Stored data:
○ ○ ○

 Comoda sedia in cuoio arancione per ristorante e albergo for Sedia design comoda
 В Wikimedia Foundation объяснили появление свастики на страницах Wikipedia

○ ○ ○

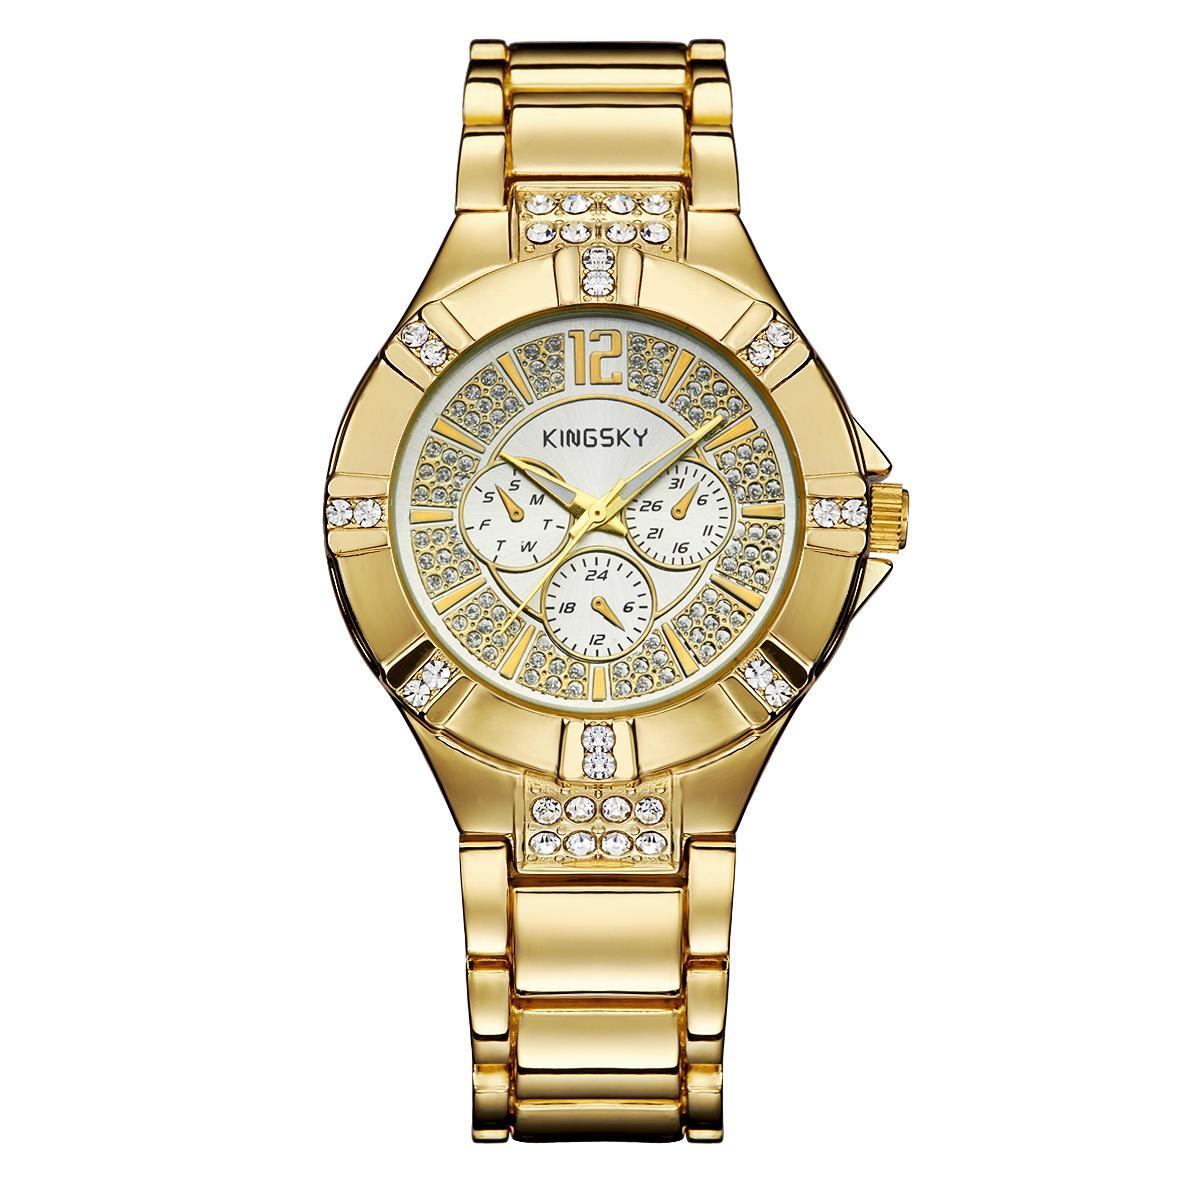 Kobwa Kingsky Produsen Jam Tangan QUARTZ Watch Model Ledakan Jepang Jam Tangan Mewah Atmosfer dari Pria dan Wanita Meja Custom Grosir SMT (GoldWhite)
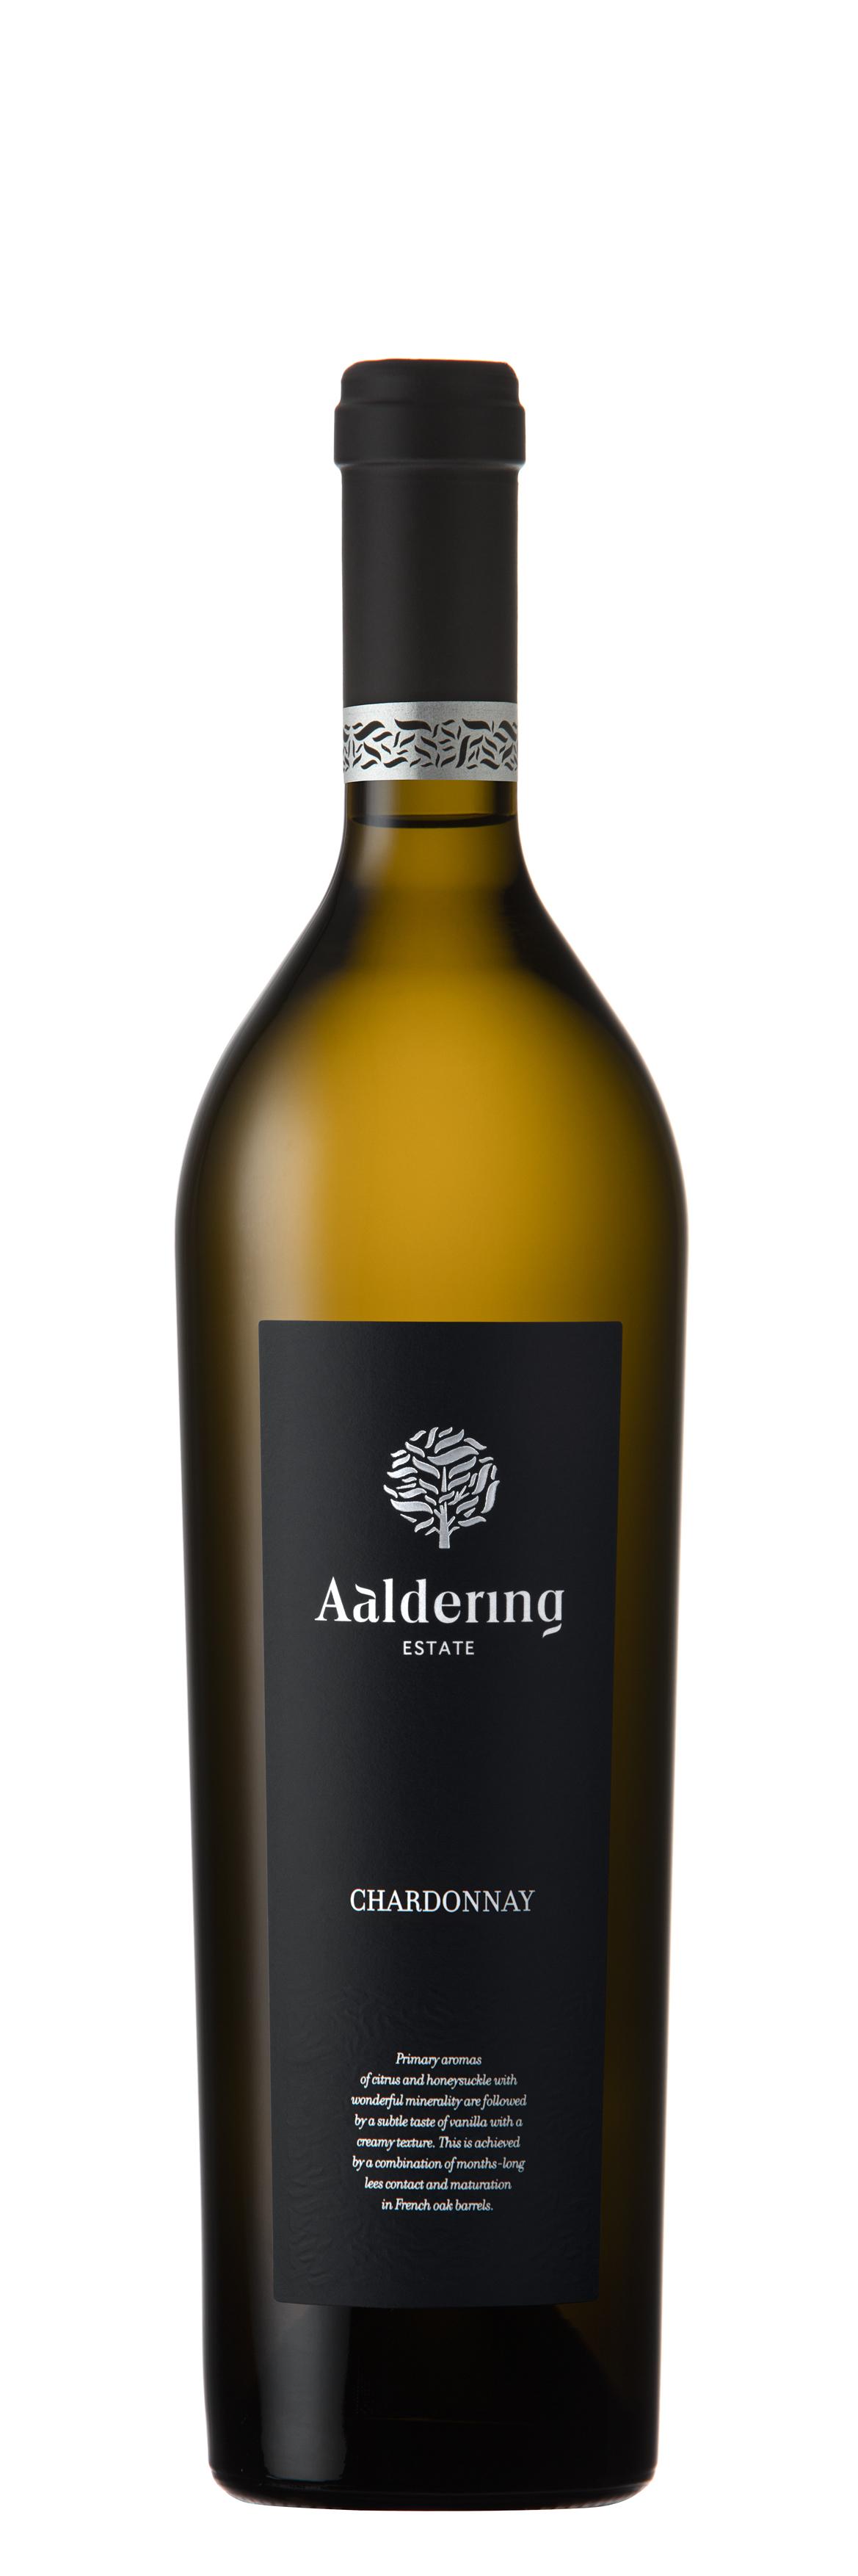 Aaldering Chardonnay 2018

○ ○ ○

Directions: For the listing above, print only the lines starting at the line containing "Comoda sedia in" and ending at the line containing "В Wikimedia Foundation", exactly, both included.

Task solution:
 Comoda sedia in cuoio arancione per ristorante e albergo for Sedia design comoda
 В Wikimedia Foundation объяснили появление свастики на страницах Wikipedia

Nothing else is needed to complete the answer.